Personally, I would solve these two problems in the order I mentioned them, so I would first address the grouping problem. One way to group the data properly in this case would be to use double ranking like this:
WITH partitioned AS (
SELECT
*,
grp = ROW_NUMBER() OVER (PARTITION BY RequestID, ProductID ORDER BY TestDate)
- ROW_NUMBER() OVER (PARTITION BY RequestID, ProductID, OutcomeID ORDER BY TestDate)
FROM #ProductTests
)
, grouped AS (
SELECT
RequestID,
ProductID,
StartDate = MIN(TestDate),
OutcomeID
FROM partitioned
GROUP BY
RequestID,
ProductID,
OutcomeID,
grp
)
SELECT *
FROM grouped
;
This should give you the following output for your data sample:
RequestID ProductID StartDate OutcomeID
--------- --------- ---------- ---------
1 2 2005-01-21 10
1 2 2011-01-14 13
1 2 2011-08-10 15
1 2 2012-05-02 10
1 2 2012-11-08 17
Obviously, one thing is still missing, and it's EndDate, and now is the right time to care about it. Use ROW_NUMBER() once again, to rank the result set of the grouped CTE, then use the rankings in the join condition when joining the result set with itself (using an outer join):
WITH partitioned AS (
SELECT
*,
grp = ROW_NUMBER() OVER (PARTITION BY RequestID, ProductID ORDER BY TestDate)
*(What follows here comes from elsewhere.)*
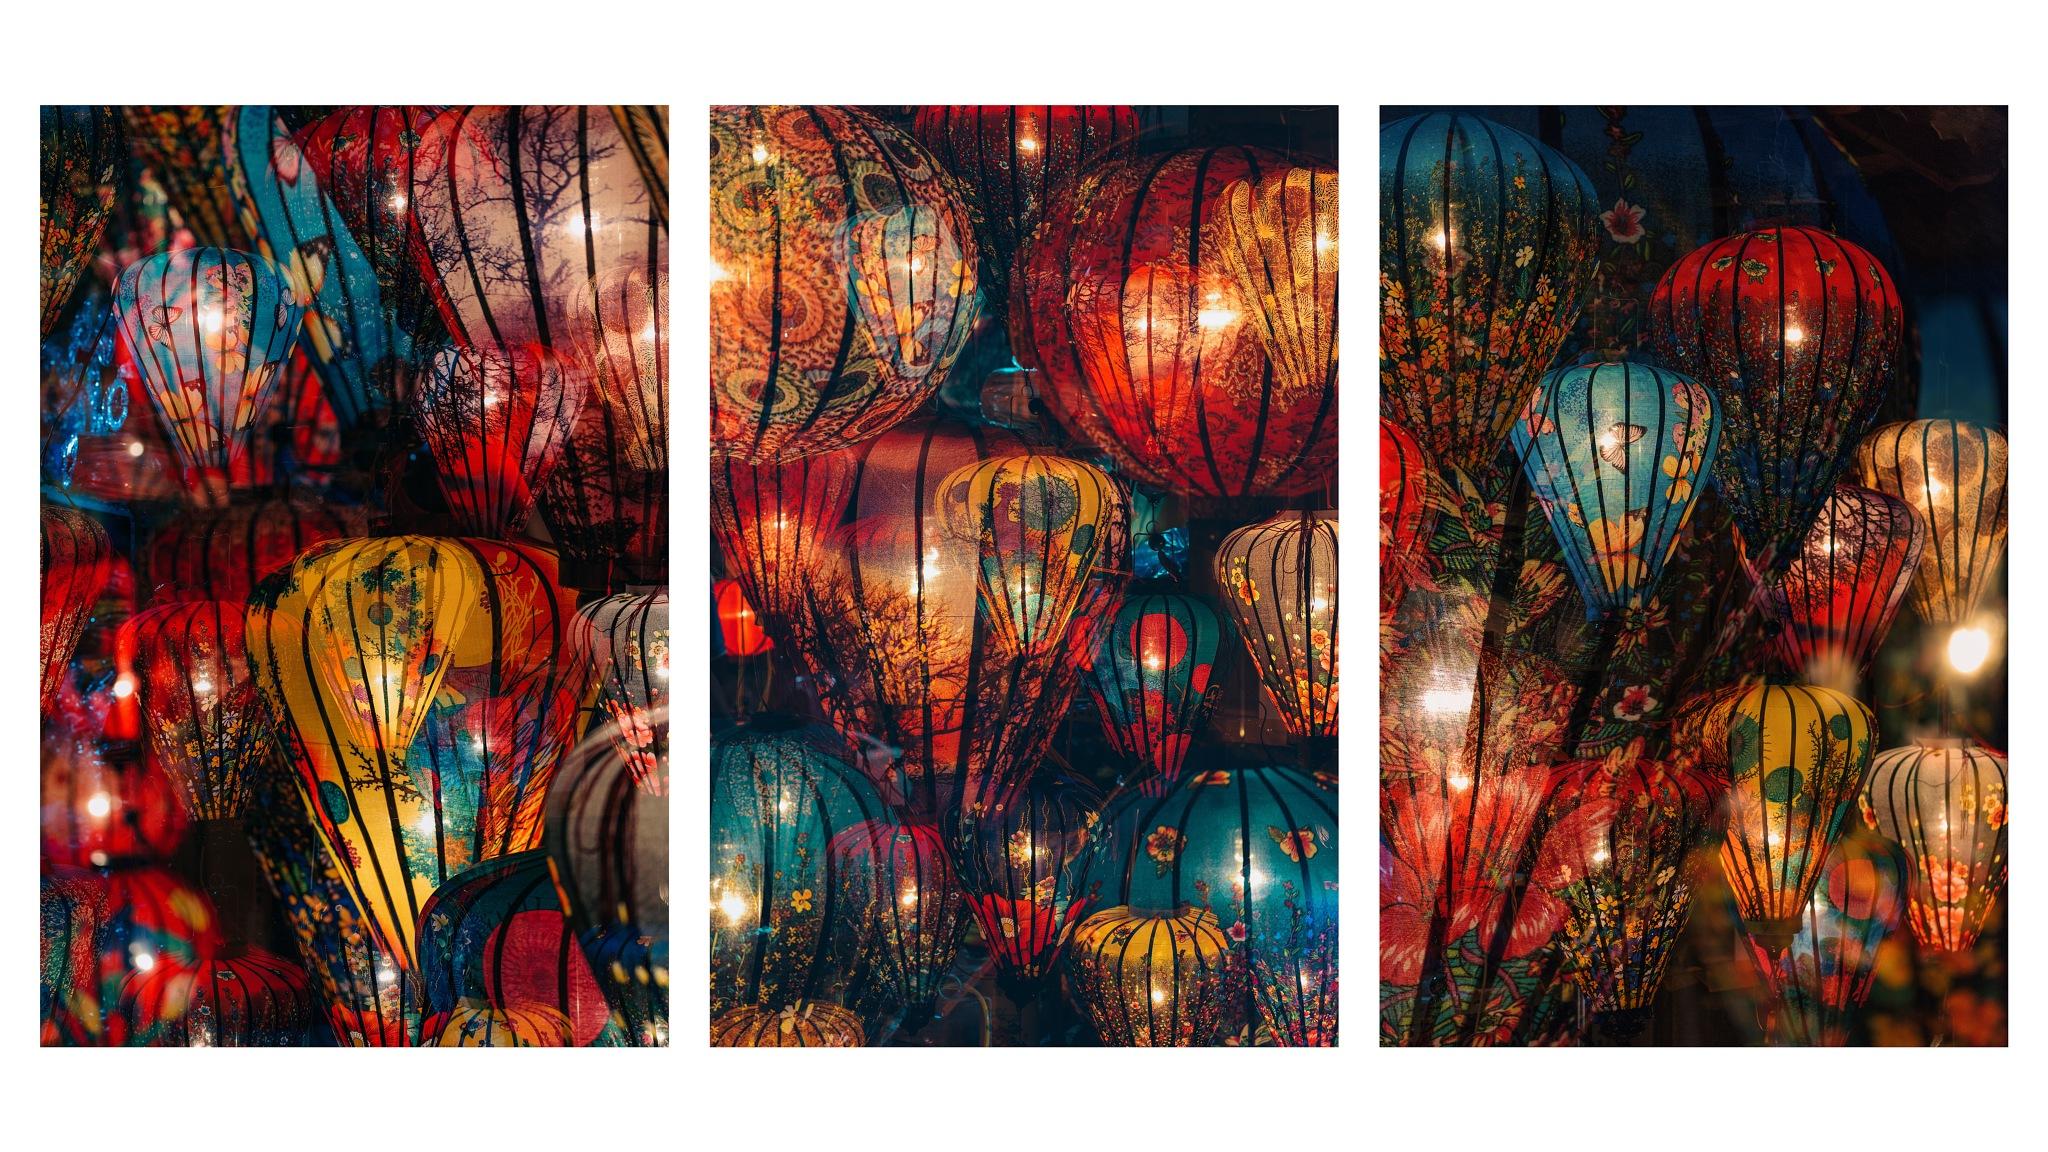 A Sea of Lanterns II (Triptych) by Peter Stewart

- ROW_NUMBER() OVER (PARTITION BY RequestID, ProductID, OutcomeID ORDER BY TestDate)
FROM #ProductTests
)
, grouped AS (
SELECT
RequestID,
ProductID,
StartDate = MIN(TestDate),
OutcomeID,
rnk = ROW_NUMBER() OVER (PARTITION BY RequestID, ProductID ORDER BY MIN(TestDate))
FROM partitioned
GROUP BY
RequestID,
ProductID,
OutcomeID,
grp
)
SELECT
g1.RequestID,
g1.ProductID,
g1.StartDate,
g2.StartDate AS EndDate,
g1.OutcomeID
FROM grouped g1
LEFT JOIN grouped g2
ON g1.RequestID = g2.RequestID
AND g1.ProductID = g2.ProductID
AND g1.rnk = g2.rnk - 1
;
You can try this query at SQL Fiddle to verify that it returns the output you are after.